*** Dataset content Section Begins ***
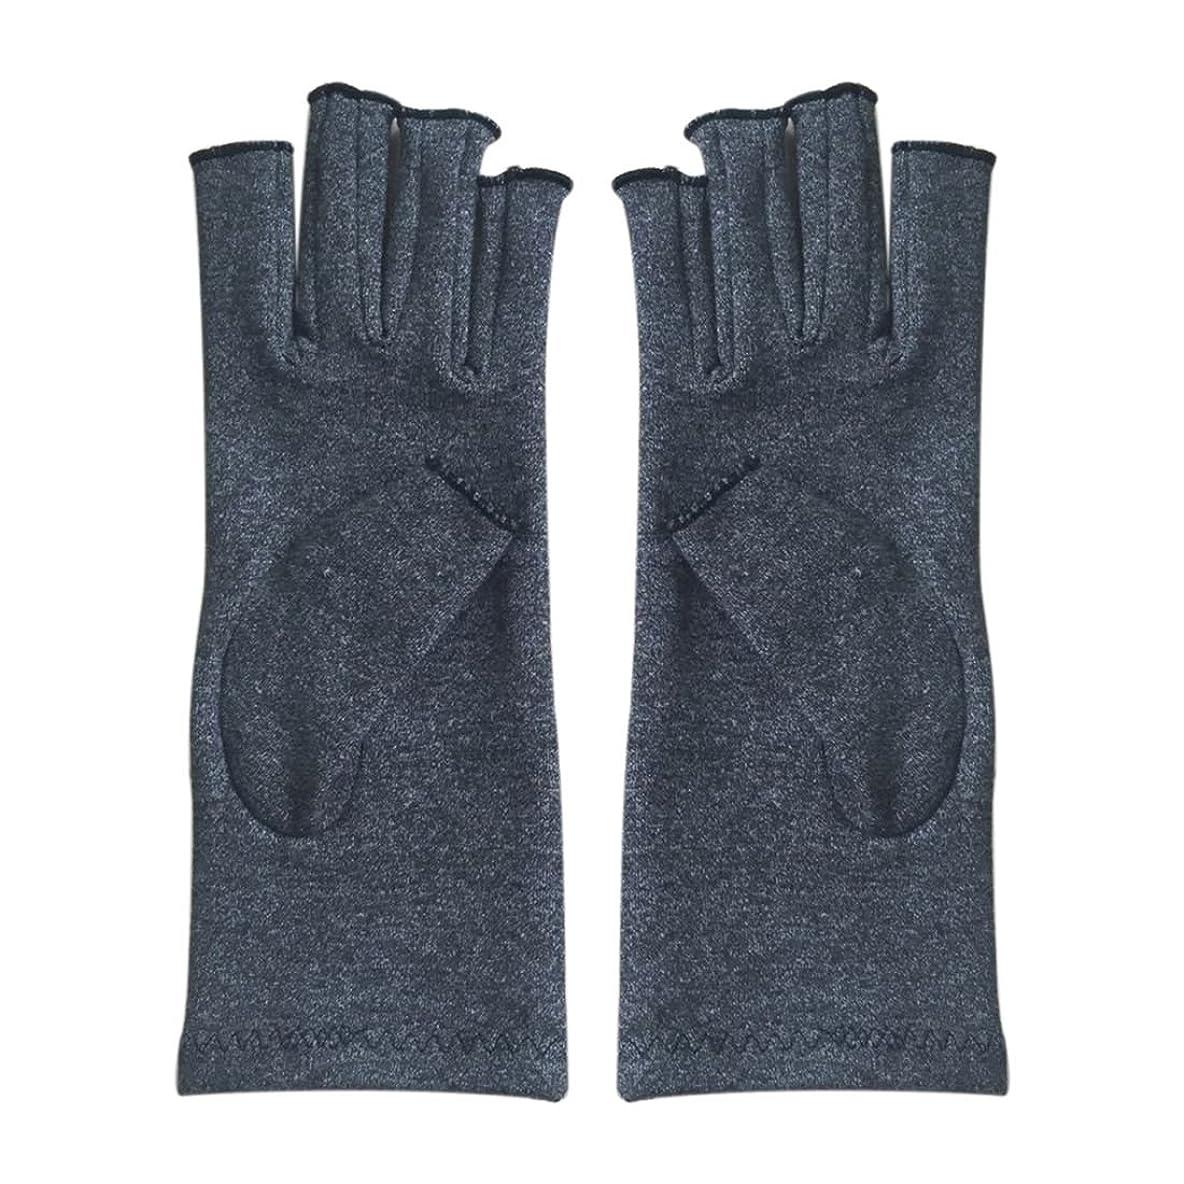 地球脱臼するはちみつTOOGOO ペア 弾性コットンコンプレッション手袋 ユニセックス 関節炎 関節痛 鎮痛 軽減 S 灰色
*** Dataset content Section Ends ***
*** Dataset content Section Begins ***
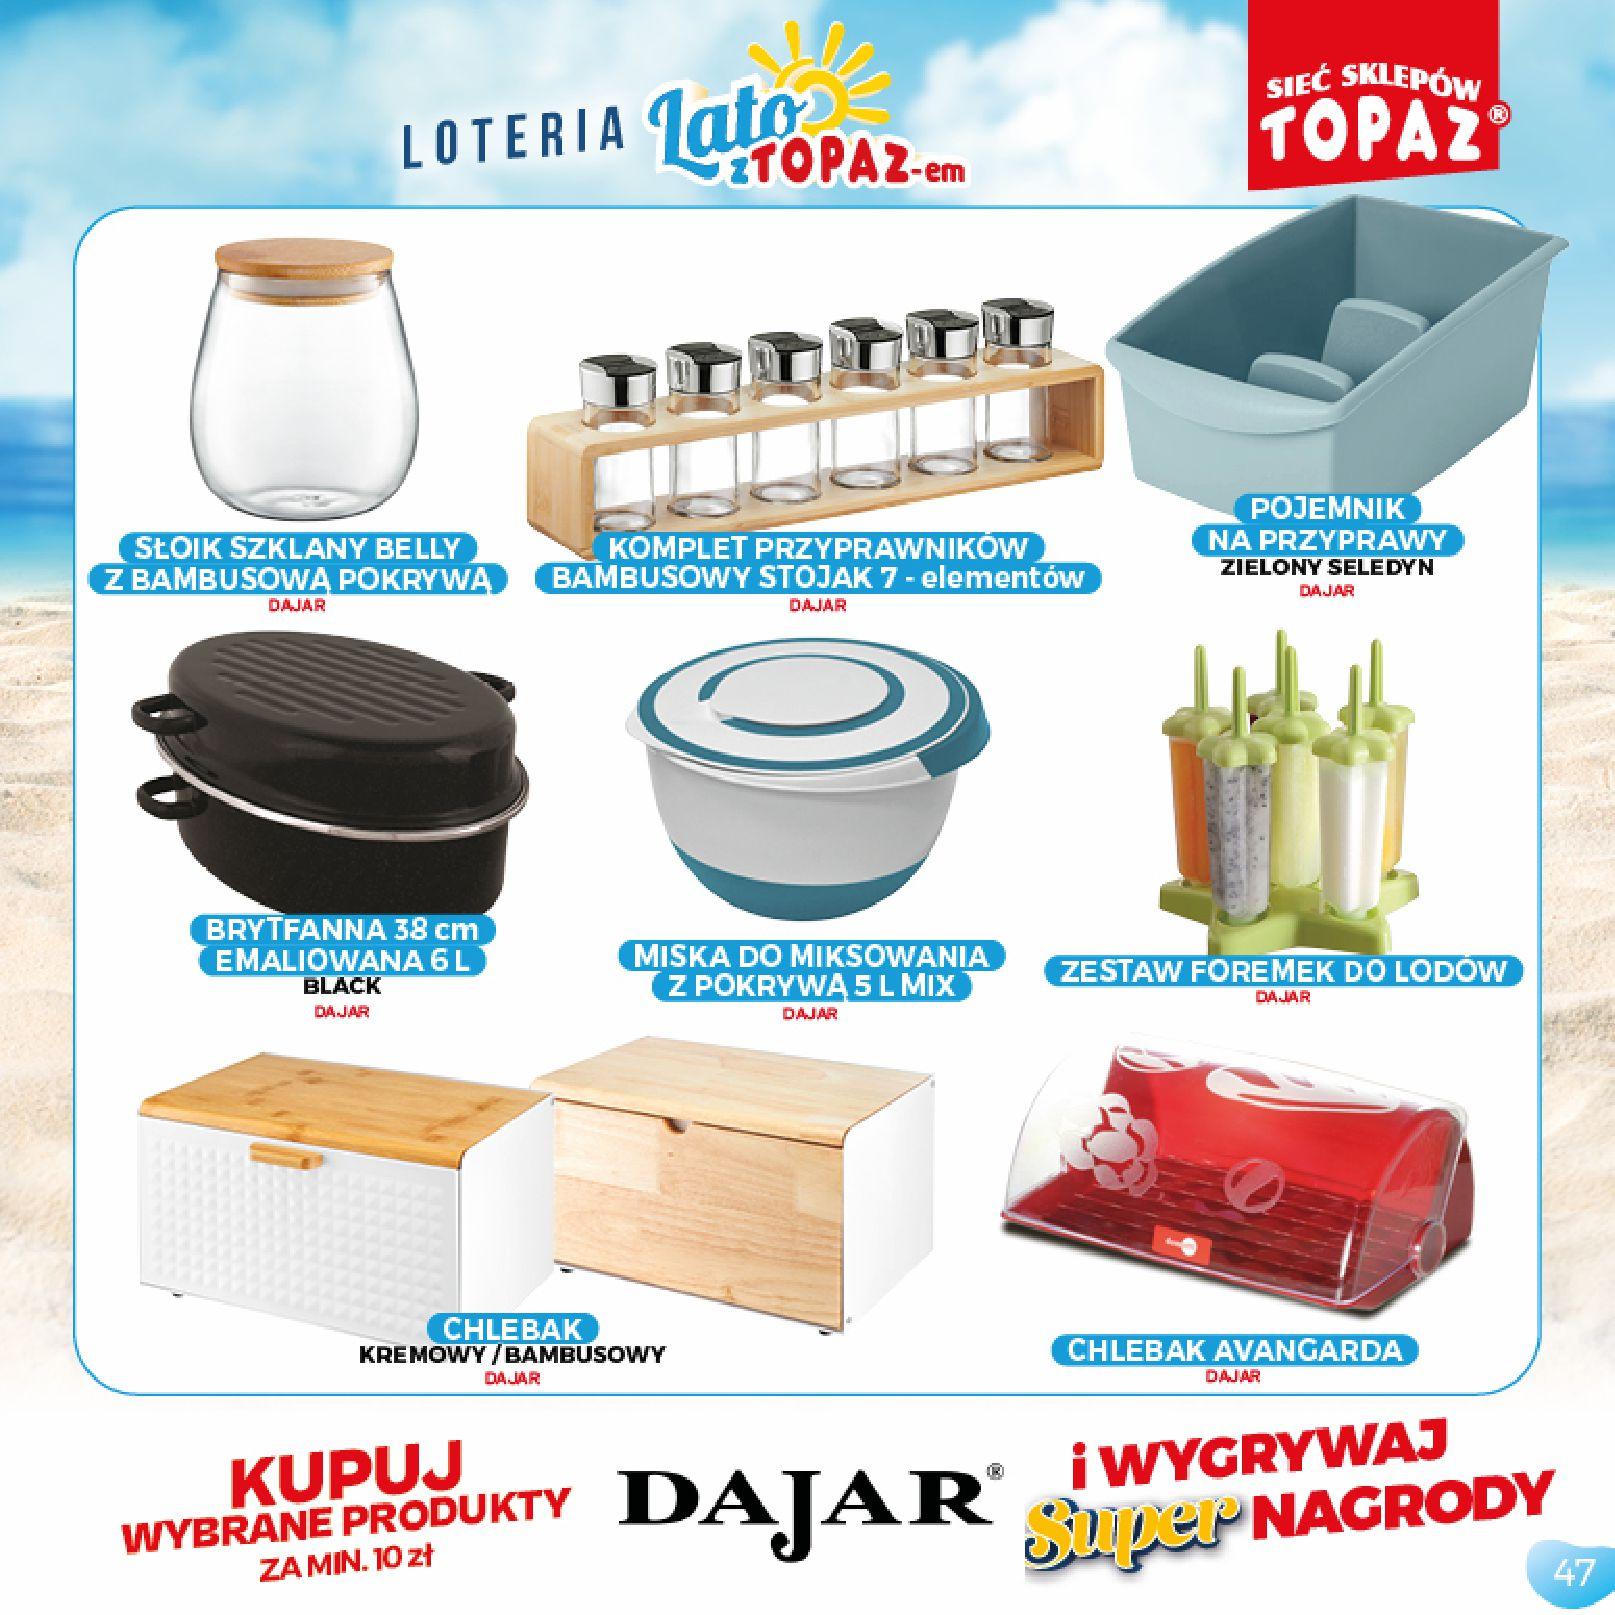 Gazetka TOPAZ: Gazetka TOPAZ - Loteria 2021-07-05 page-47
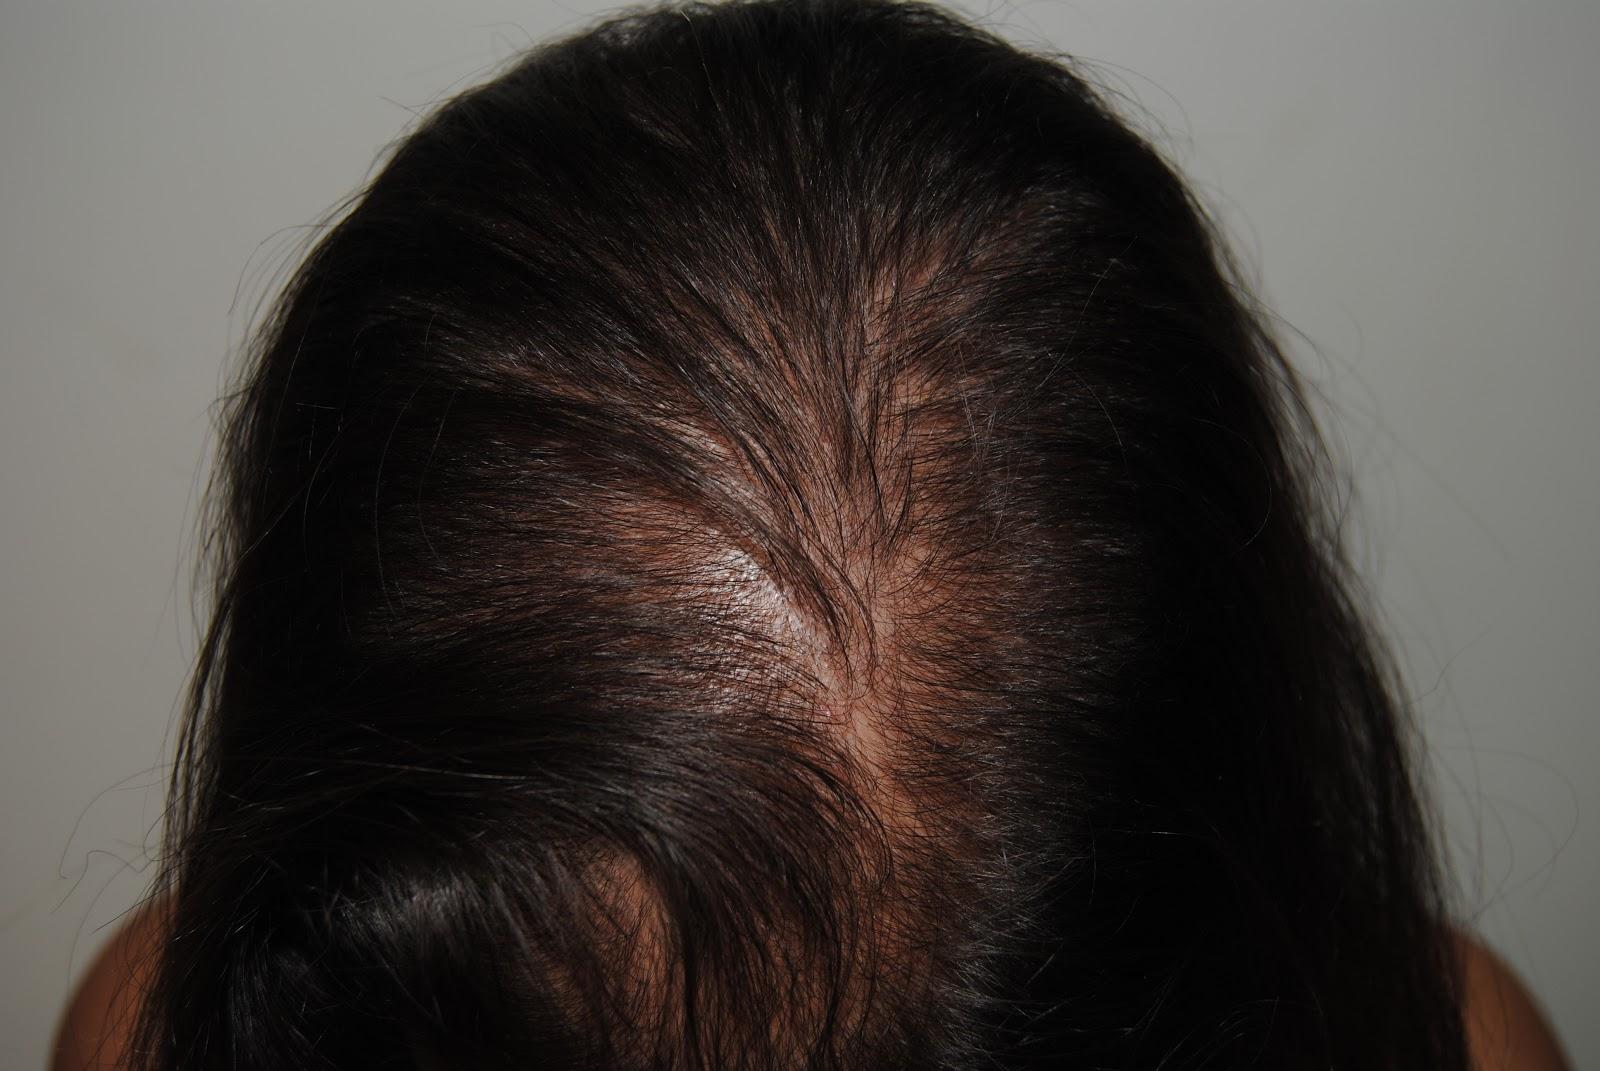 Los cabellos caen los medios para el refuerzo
*** Dataset content Section Ends ***
What you return from the records above should be exactly everything from the line with "Gazetka TOPAZ: Gazetka" down to the line with "Los cabellos caen", both kept, and no pictures.

** Expected output **
 Gazetka TOPAZ: Gazetka TOPAZ - Loteria 2021-07-05 page-47
 Los cabellos caen los medios para el refuerzo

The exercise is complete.